If I didn’t know about this, I assumed that none of the other officers knew about it, either. That was just Debbie’s way. In my experience she didn’t come to the officers of the DNC for advice and counsel. She seemed to make decisions on her own and let us know at the last minute what she had decided, as she had done when she told us about the hacking only minutes before the Washington Post broke the news.

On the phone Gary told me the DNC had needed a $2 million loan, which the campaign had arranged.

“No! That can’t be true!” I said. “The party cannot take out a loan without the unanimous agreement of all of the officers.”

“Gary, how did they do this without me knowing?” I asked. “I don’t know how Debbie relates to the officers,” Gary said. He described the party as fully under the control of Hillary’s campaign, which seemed to confirm the suspicions of the Bernie camp. The campaign had the DNC on life support, giving it money every month to meet its basic expenses, while the campaign was using the party as a fund-raising clearing house. Under FEC law, an individual can contribute a maximum of $2,700 directly to a presidential campaign. But the limits are much higher for contributions to state parties and a party’s national committee.
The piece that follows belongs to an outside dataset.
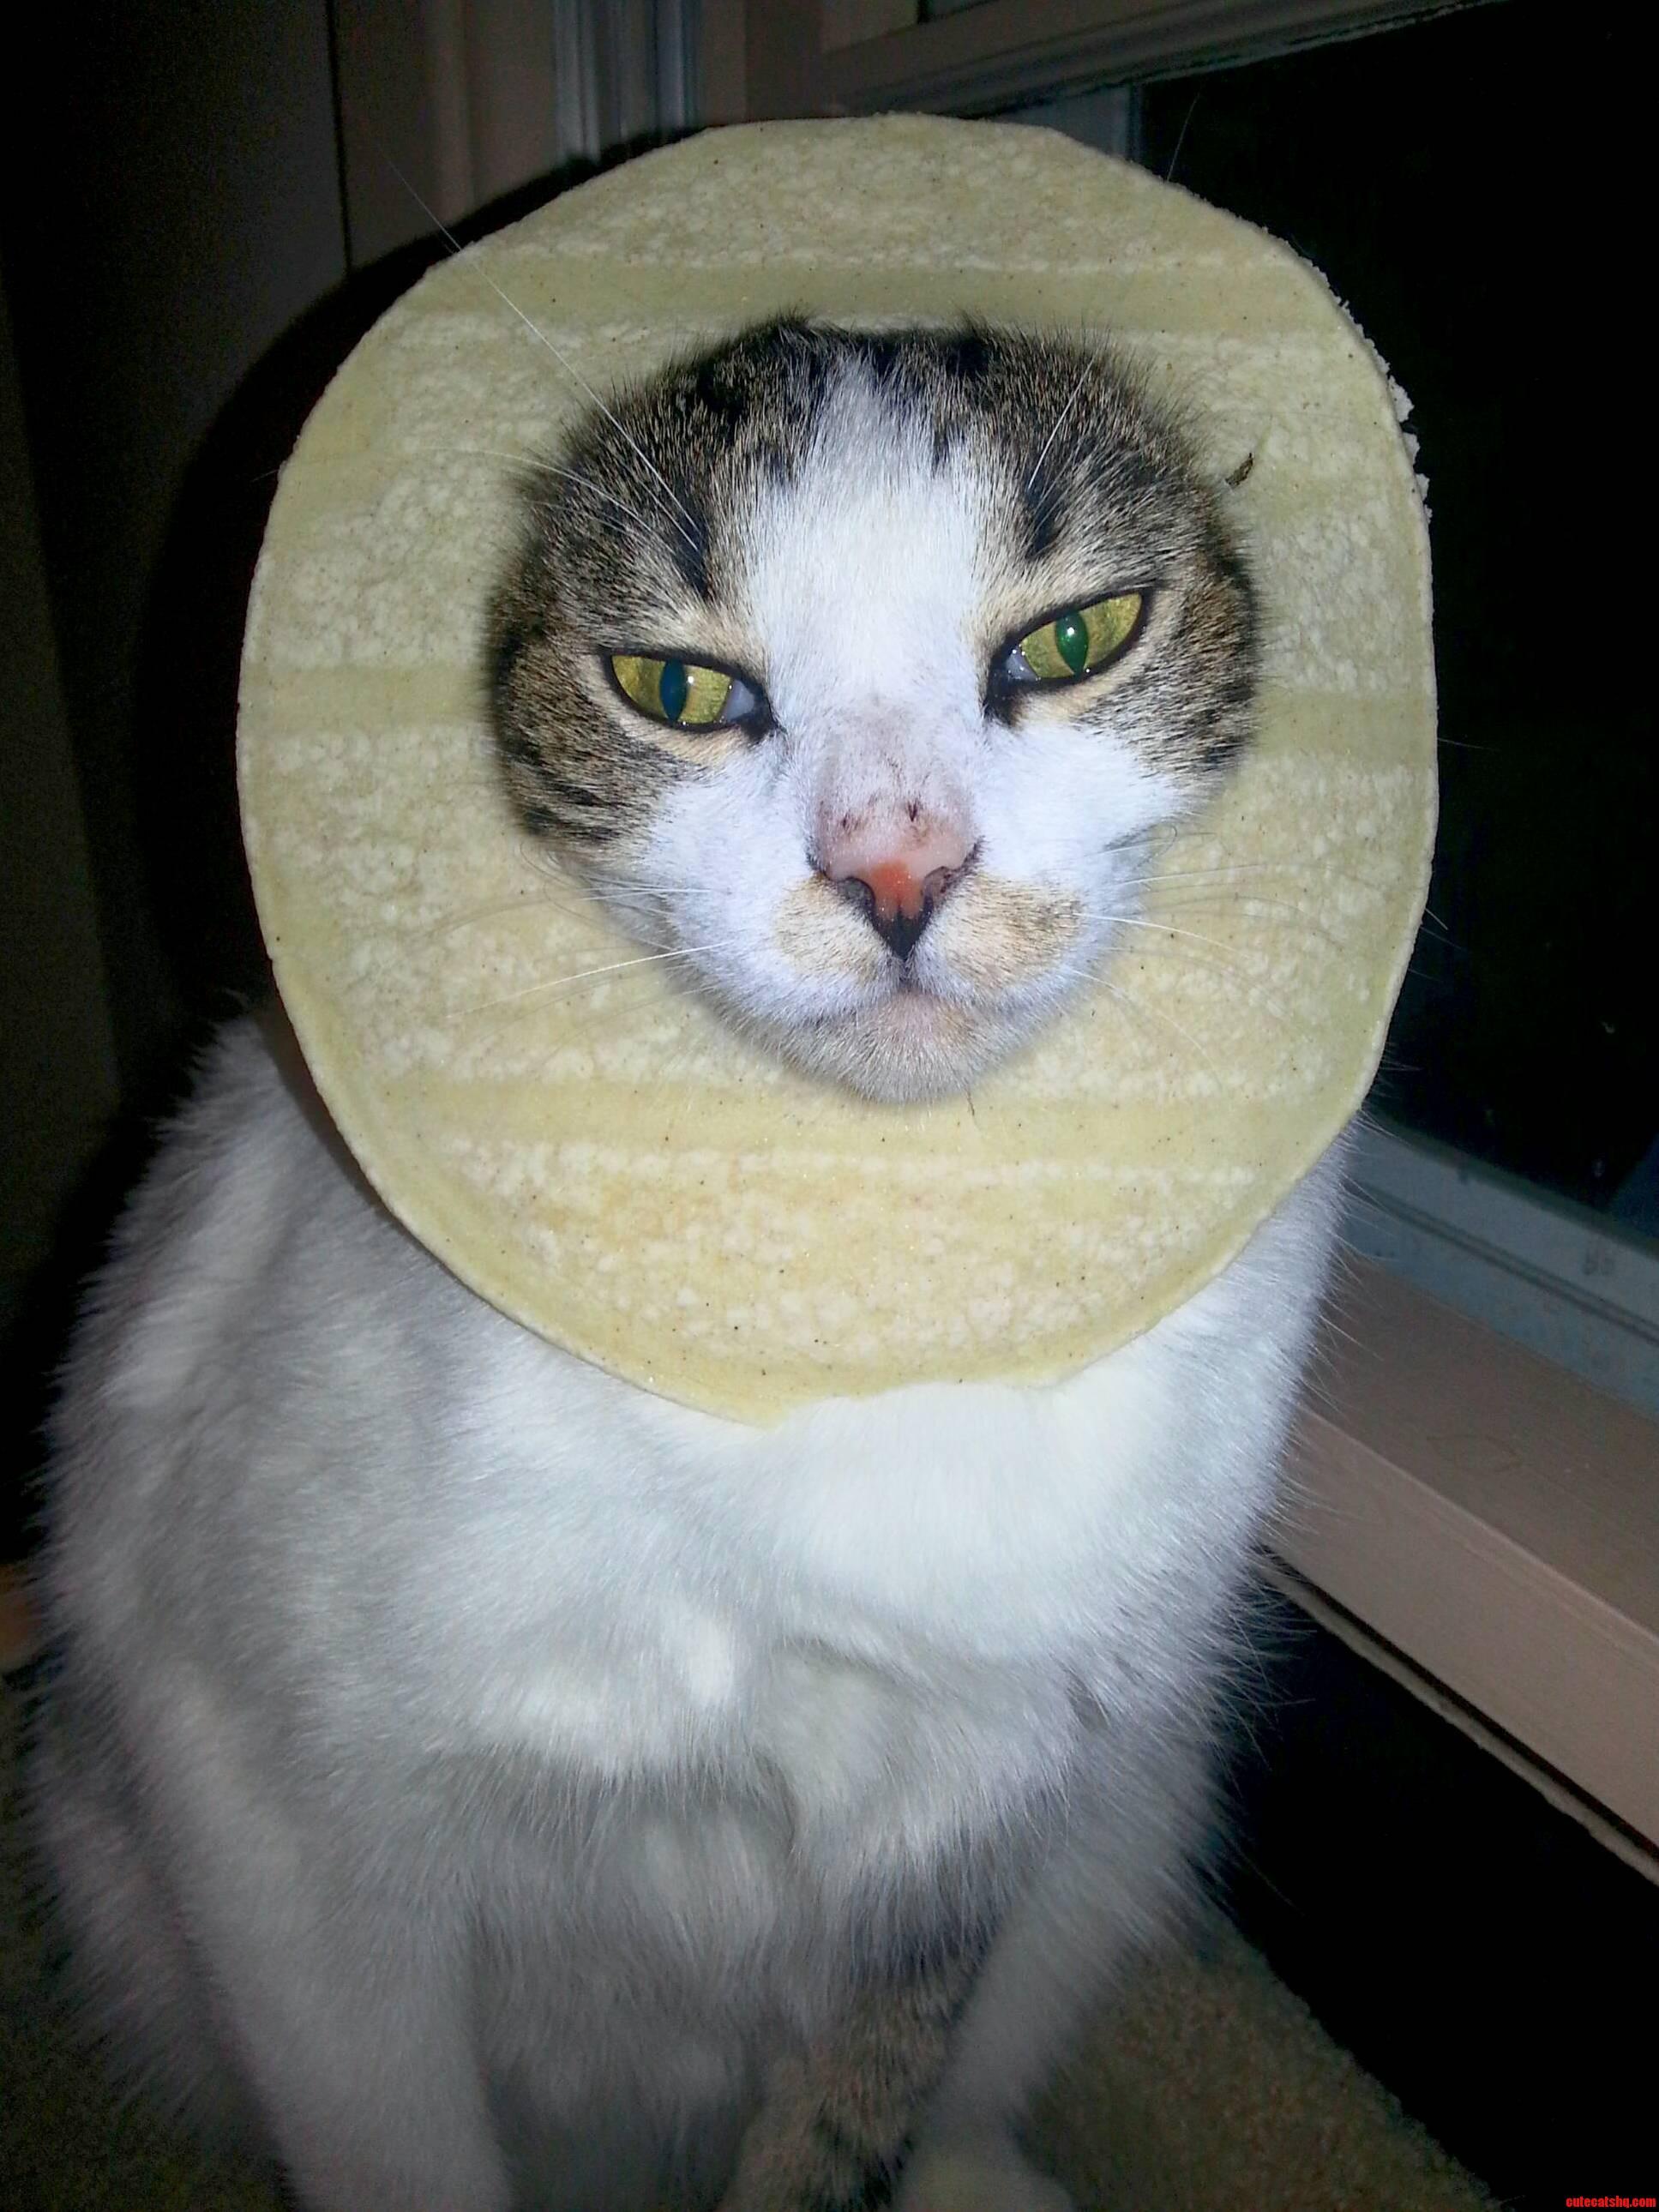 My taco cat.

Individuals who had maxed out their $2,700 contribution limit to the campaign could write an additional check for $353,400 to the Hillary Victory Fund—that figure represented $10,000 to each of the thirty-two states’ parties who were part of the Victory Fund agreement—$320,000—and $33,400 to the DNC. The money would be deposited in the states first, and transferred to the DNC shortly after that. Money in the battleground states usually stayed in that state, but all the other states funneled that money directly to the DNC, which quickly transferred the money to Brooklyn.

“Wait,” I said. “That victory fund was supposed to be for whoever was the nominee, and the state party races. You’re telling me that Hillary has been controlling it since before she got the nomination?”

Gary said the campaign had to do it or the party would collapse.

“That was the deal that Robby struck with Debbie,” he explained, referring to campaign manager Robby Mook. “It was to sustain the DNC. We sent the party nearly $20 million from September until the convention, and more to prepare for the election.”

“What’s the burn rate, Gary?” I asked. “How much money do we need every month to fund the party?”

The burn rate was $3.5 million to $4 million a month, he said.

I gasped. I had a pretty good sense of the DNC’s operations after having served as interim chair five years earlier. Back then the monthly expenses were half that. What had happened? The party chair usually shrinks the staff between presidential election campaigns, but Debbie had chosen not to do that. She had stuck lots of consultants on the DNC payroll, and Obama’s consultants were being financed by the DNC, too.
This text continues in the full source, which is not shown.